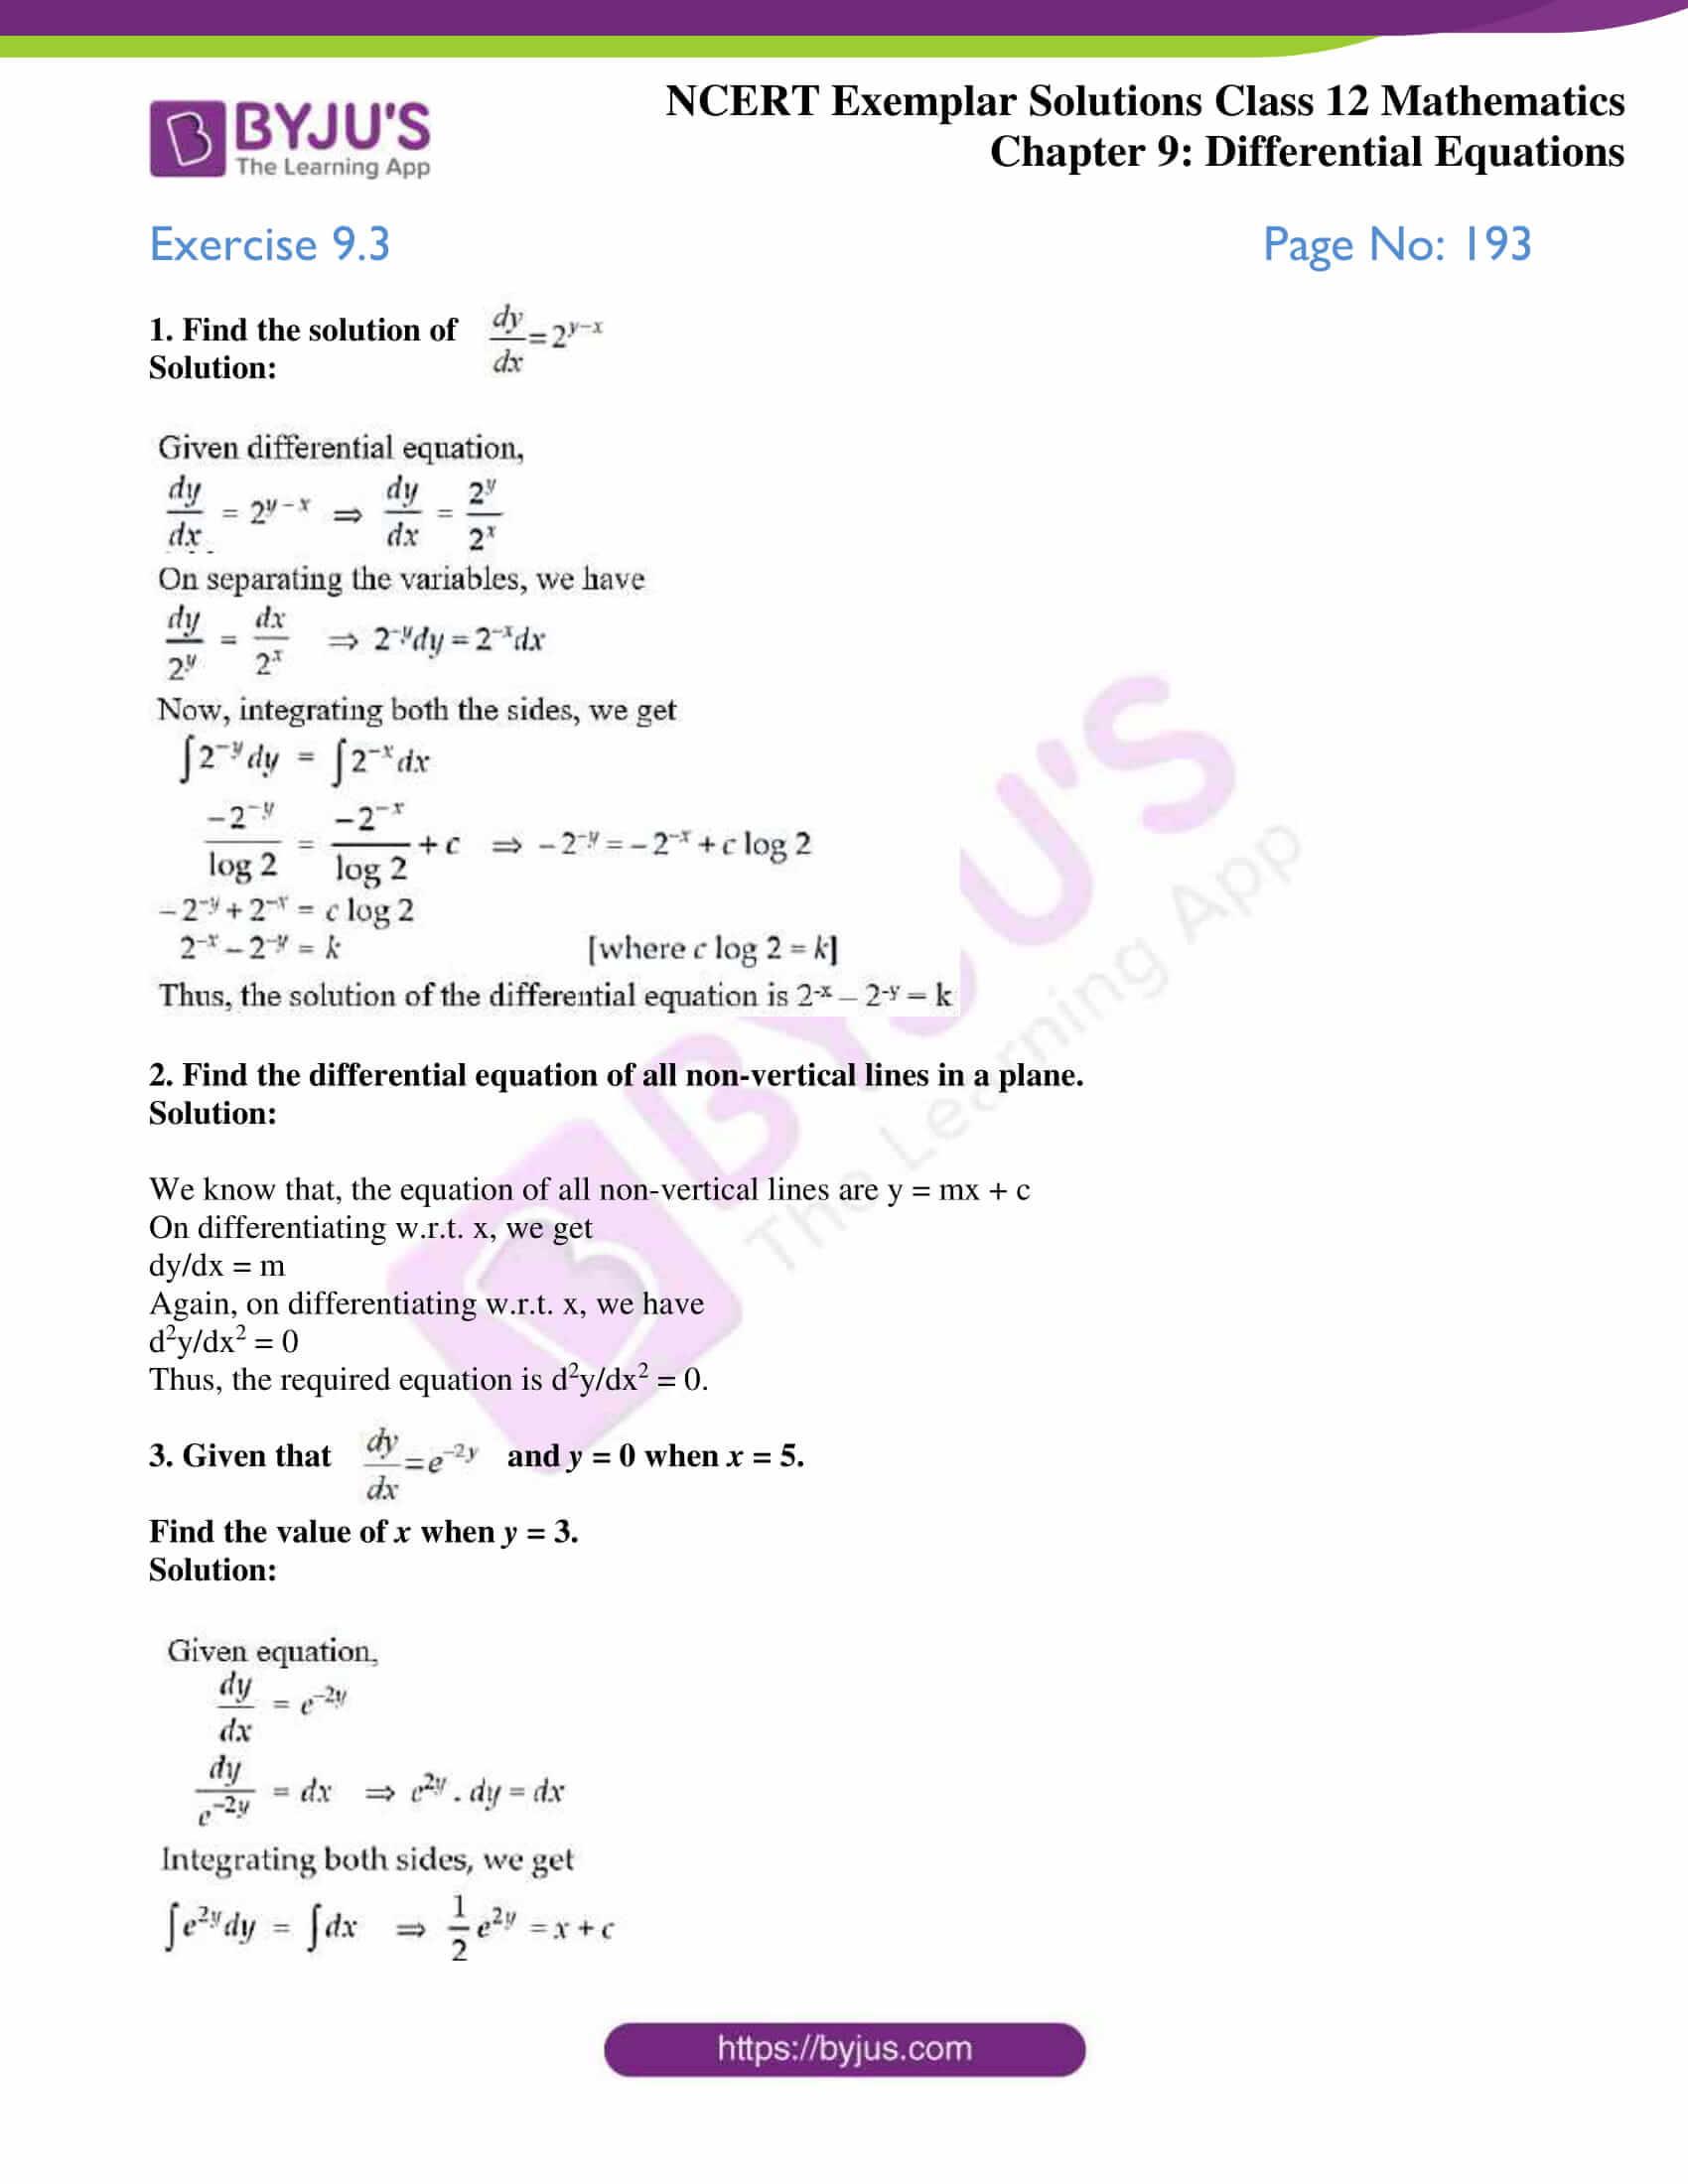 ncert exemplar sol class 12 mathematics ch 9 01
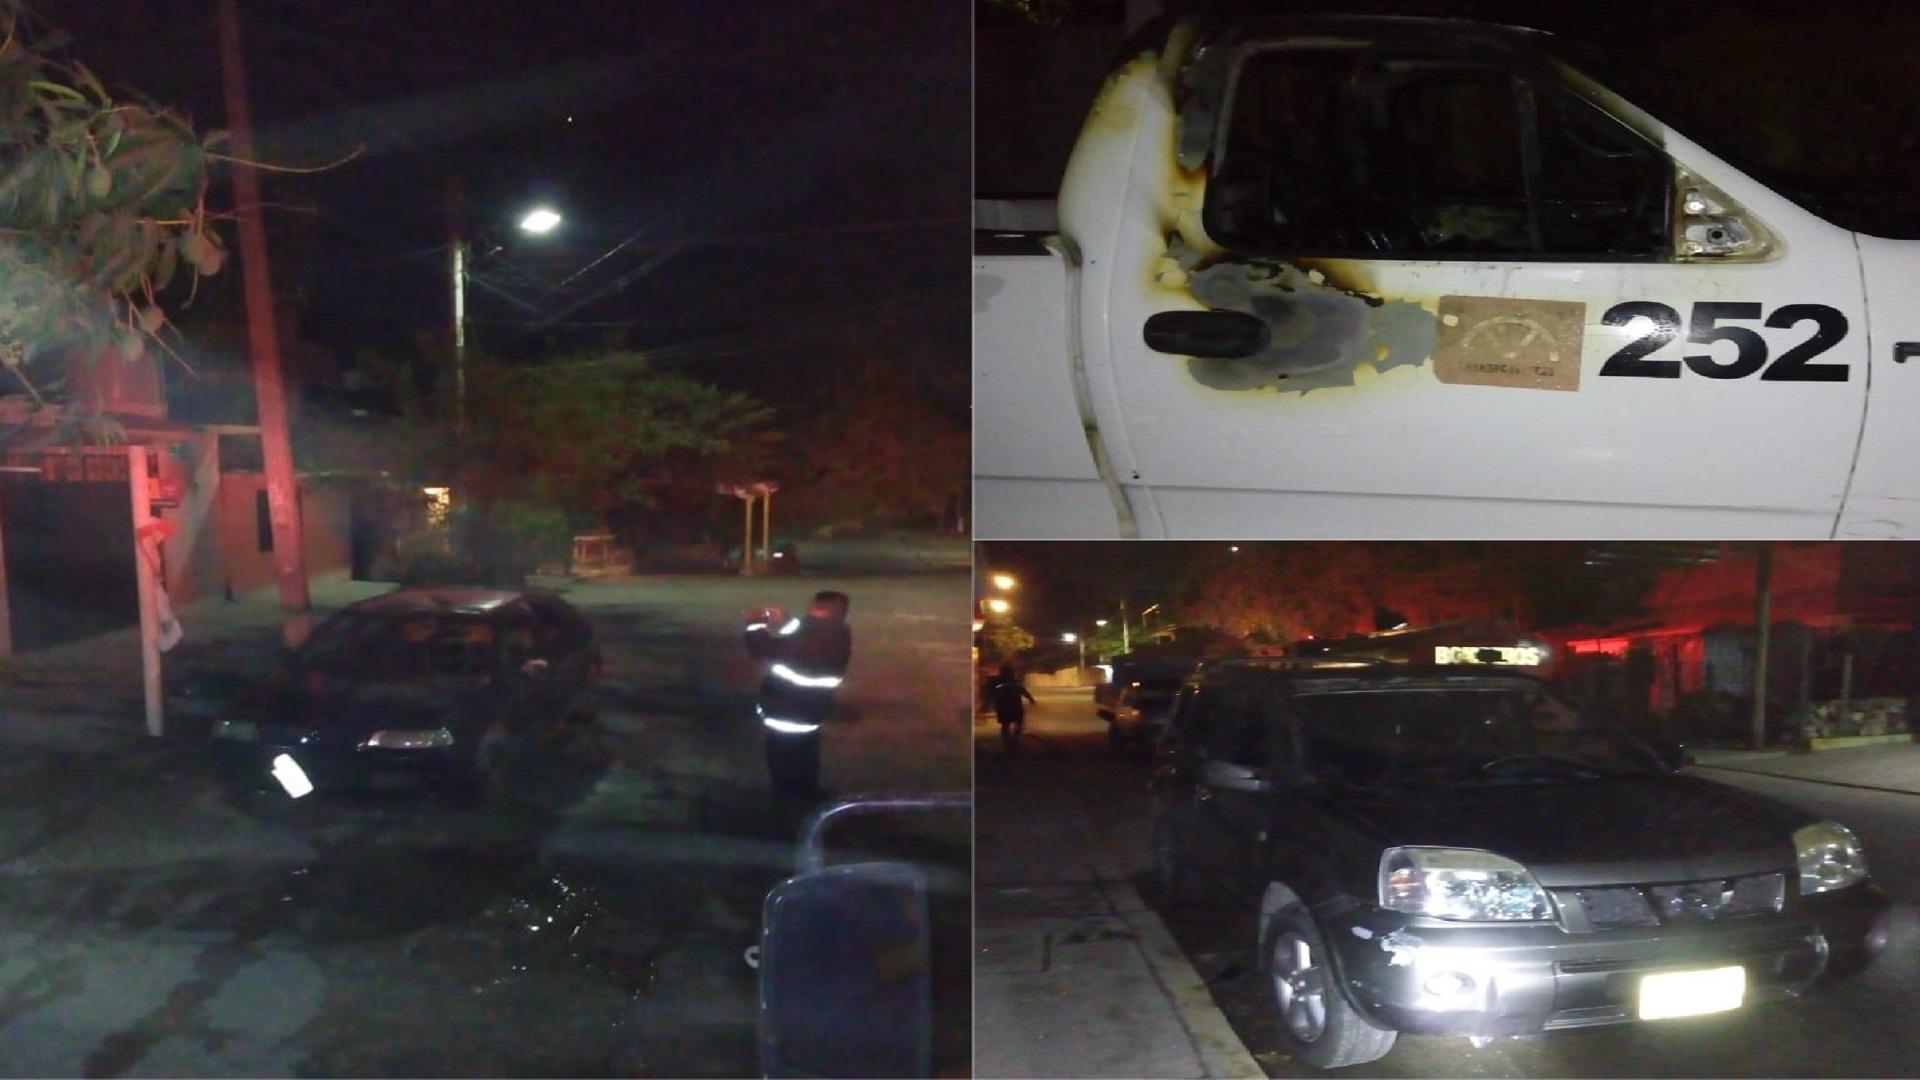 Vehículos incendiados. Foto de Red Noticias
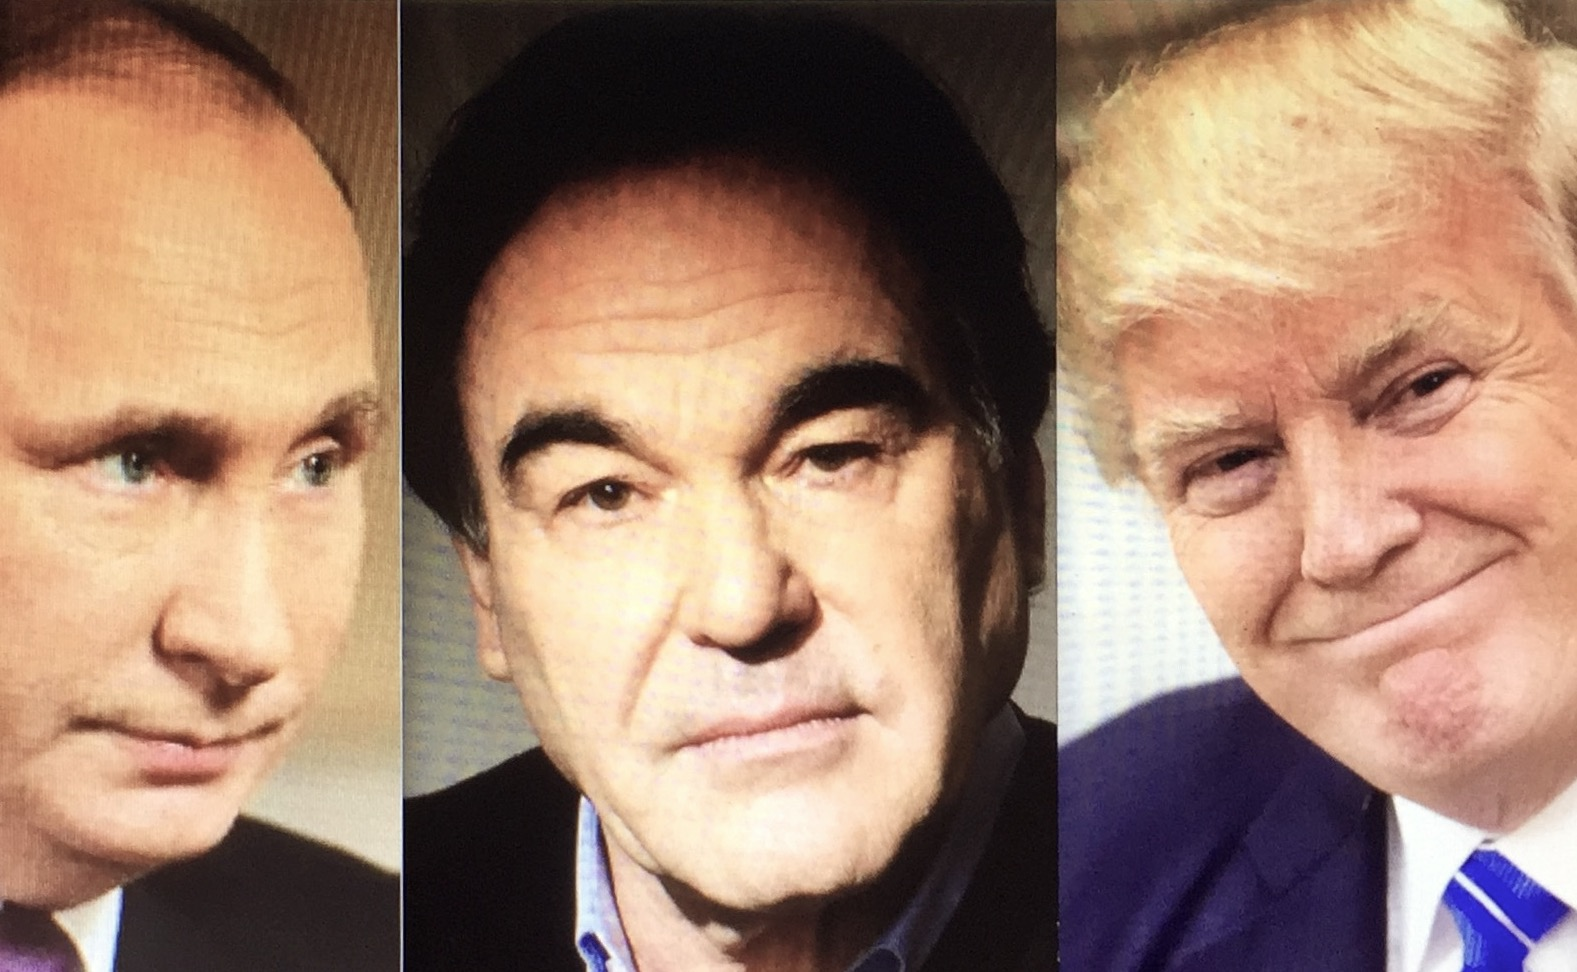 """Im Gegensatz zu Oliver Stone hat Wladimir Putin trotz Donald Trumps Hüftschuss auf Syrien eine mögliche konstruktive Gesprächsbasis und Zusammenarbeit noch nicht aufgegeben. Stone will mit seiner Doku """"Interviews mit Putin"""" den US-Amerikanern sie Sichtweise des russischen Präsidenten näherbringen."""

==*==

Your goal: The answer must repeat every line of the listing exactly and leave the pictures out.

Answer for this exercise:
 ncert exemplar sol class 12 mathematics ch 9 01
 Vehículos incendiados. Foto de Red Noticias
 """Im Gegensatz zu Oliver Stone hat Wladimir Putin trotz Donald Trumps Hüftschuss auf Syrien eine mögliche konstruktive Gesprächsbasis und Zusammenarbeit noch nicht aufgegeben. Stone will mit seiner Doku """"Interviews mit Putin"""" den US-Amerikanern sie Sichtweise des russischen Präsidenten näherbringen."""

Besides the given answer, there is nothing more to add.